00:04 Thanks for joining us.
00:06 Good morning, everybody. I'm Ben Fleming, one of the senior pastors here at Westside and I too am a dad. And I know this not just because of the two offspring that I have. but because last night I said the words I'm not sleeping, I'm just resting my eyes.
01:18 I mean, those would be the signs of great fatherhood. I remember, when I was growing up, my dad would take me after church, and shout out to my dad. Who's definitely not listening cuz he's preaching right now. but my dad would take me after church to the Teo, across the freeway from our church and I would get a pizza pocket and a sunny D sounds like heartburn now sounded like a delicacy then. And we would come home and my mom, would say, you've been to the TECO with your father. She would smell the grease, and not to make it too spiritual. But I pray that this father say that there would be that, that evidence, almost that scent, that we've been with our father God amen. Exile part two is where we're at. We're talking about this, this idea, this reality that is super present in scripture called exile because well, we believe that still today, people of the Christian faith find themselves as exiles.

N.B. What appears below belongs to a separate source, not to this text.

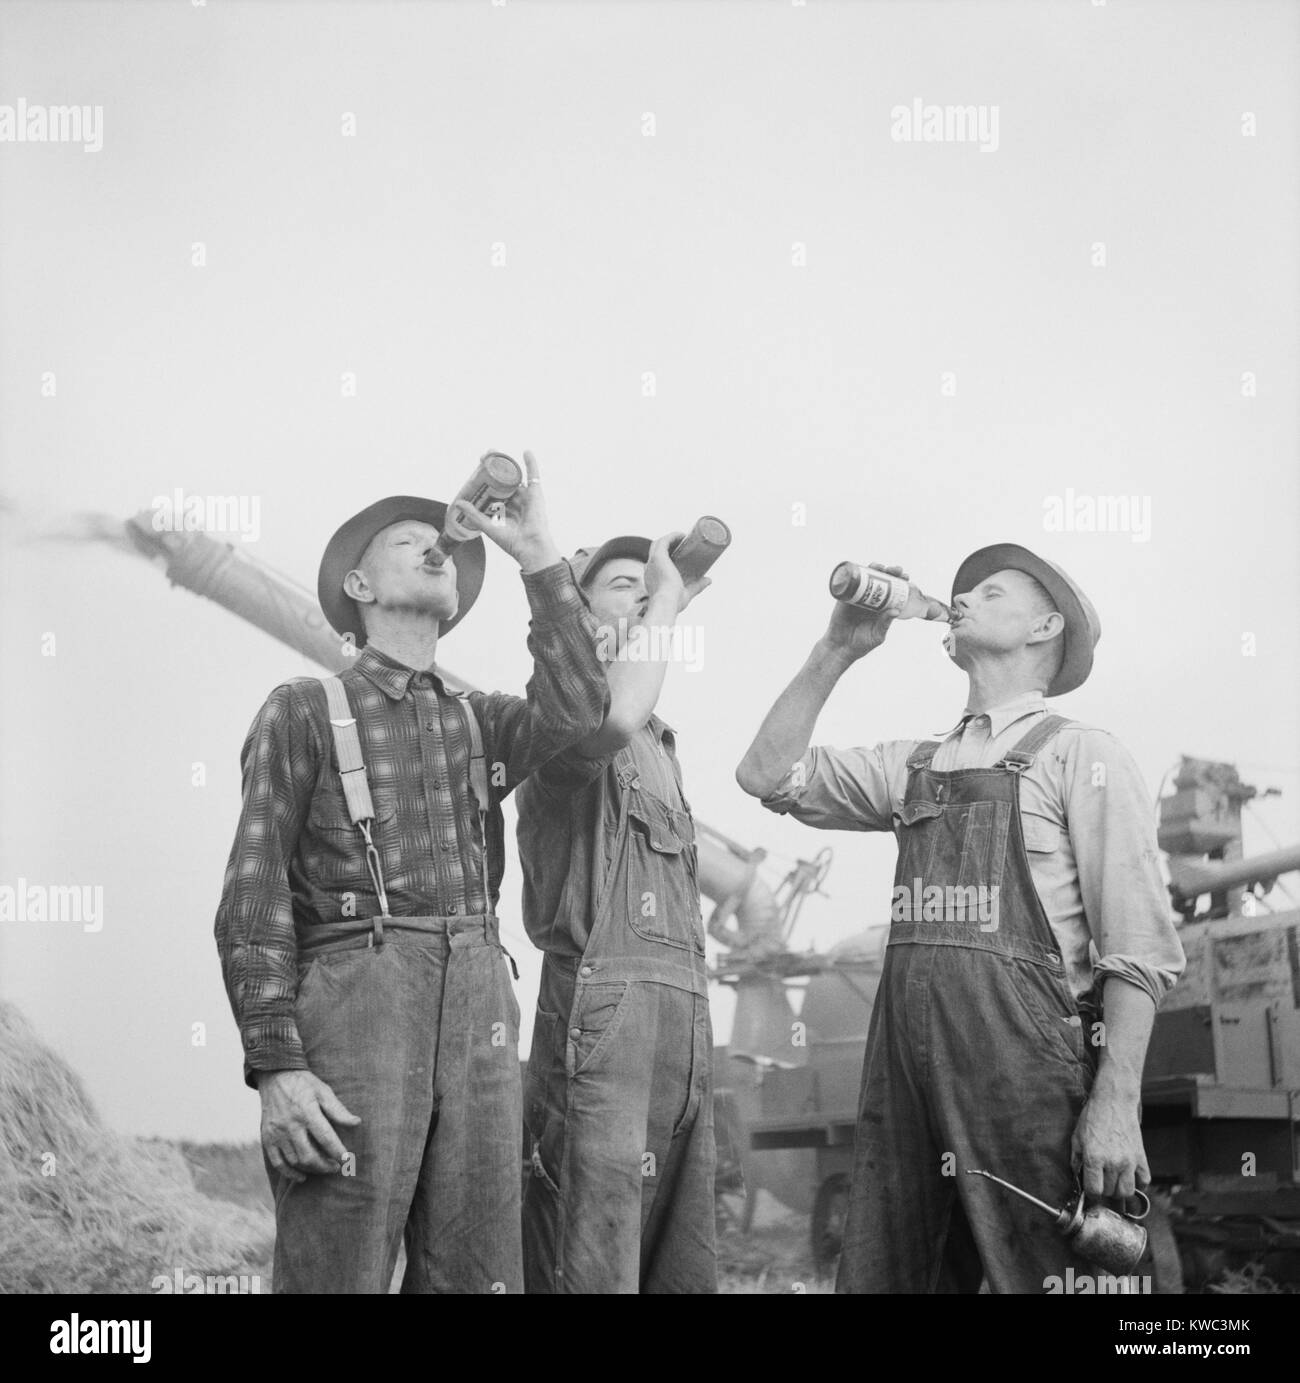 Gli agricoltori di bere birra durante la raccolta autunnale di Jackson, Michigan. Autunno 1941. In fondo è una condizione potenzialmente pericolosa macchina di raccolta, che richiede lavoratori avviso. (BSLOC 2015 14 141) Foto Stock

02:22 And so we have to understand the importance of this phrase. And I've been thinking about it this way. If you asked me if I showed up to a gathering together and I showed up with a glass or a bottle of wine, if I showed up with a glass of wine, you send me home, showed up with a bottle of wine and you said, where'd this wine come from? I would tell you a story about how I went to food for less and how it was difficult to park because I got stuck in trader Joe's traffic. Come on, somebody's been stuck in trader Joe's traffic with me. And I would tell you about how I needed to go find a cart. And then I wasn't exactly sure, where I was gonna find the wine this particular time, but then I would've found it. And I would've found a red one on shelf three in aisle nine, and then I went home and then I brought it here.

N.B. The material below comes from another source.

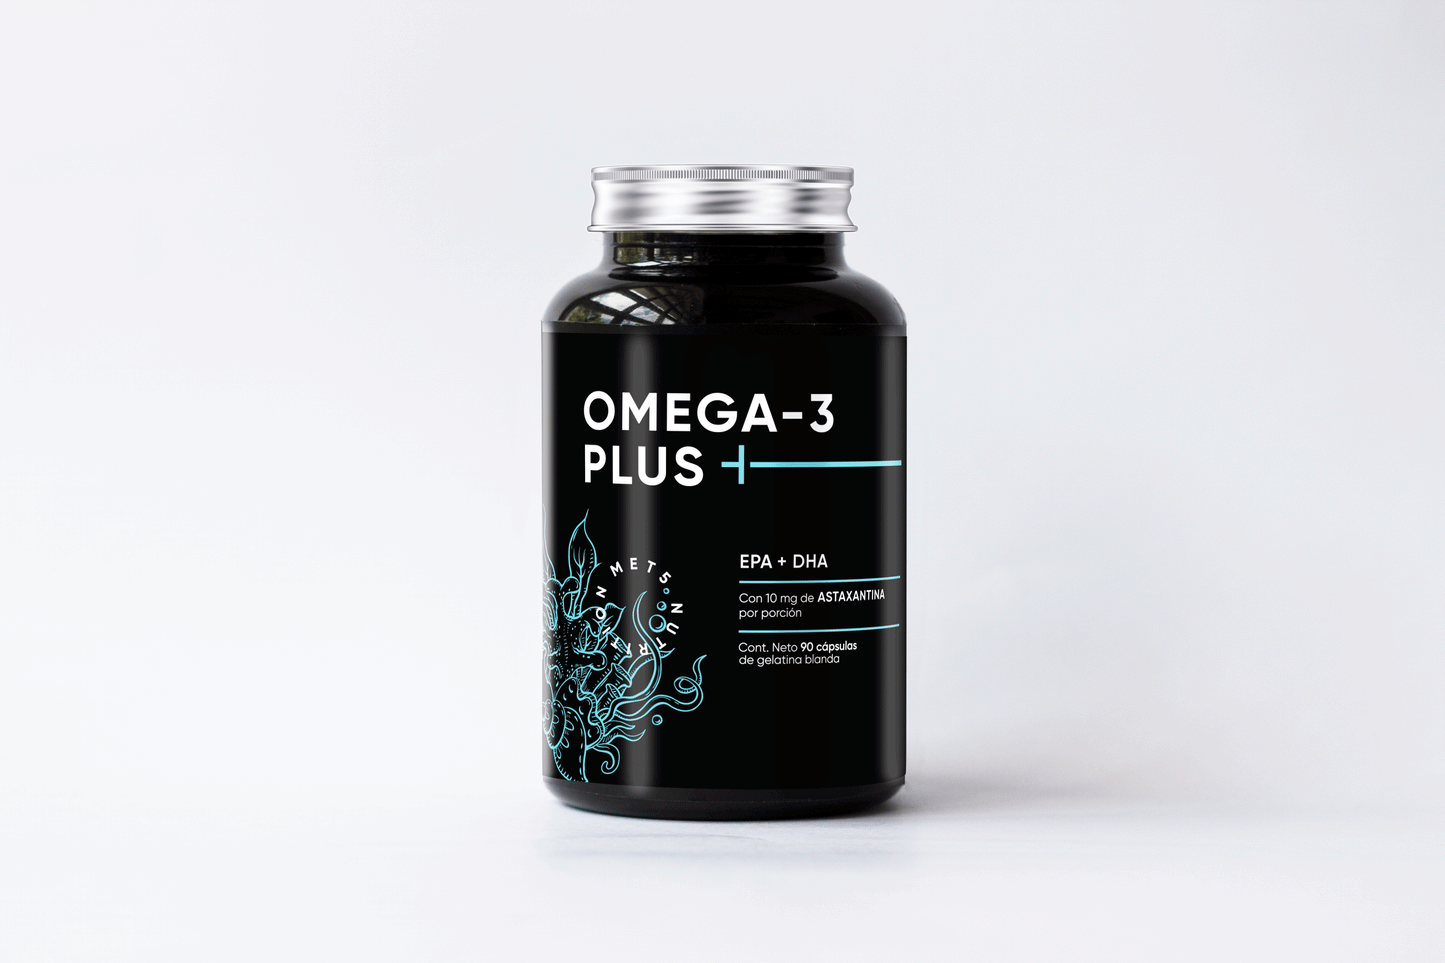 Omega 3 + Astaxantina - 90 Capsulas -  epa y dha omega 3

03:12 And that would be my story of where did this wine come from. If you've ever talked to somebody that understands wine, or maybe you've even taken a wine tour or done a wine tasting, you've been with a wine maker or you've traveled and you've been to vineyards. You understand that the story that they tell about where the wine came from is very, very different than Ben's stories from food for less. They'll say it began in this year. And this particular vintage that you're holding in your hand right now has all these notes of this fruit and this nut, because it was grown in this year with this amount of humili of humidity on this hillside in this country. And then they'll tell you about the barrels and the fragrances of it. And they'll tell you how it all came together. I will tell you that I bought it for $25 and they will tell you the story of the soil that it was birthed in.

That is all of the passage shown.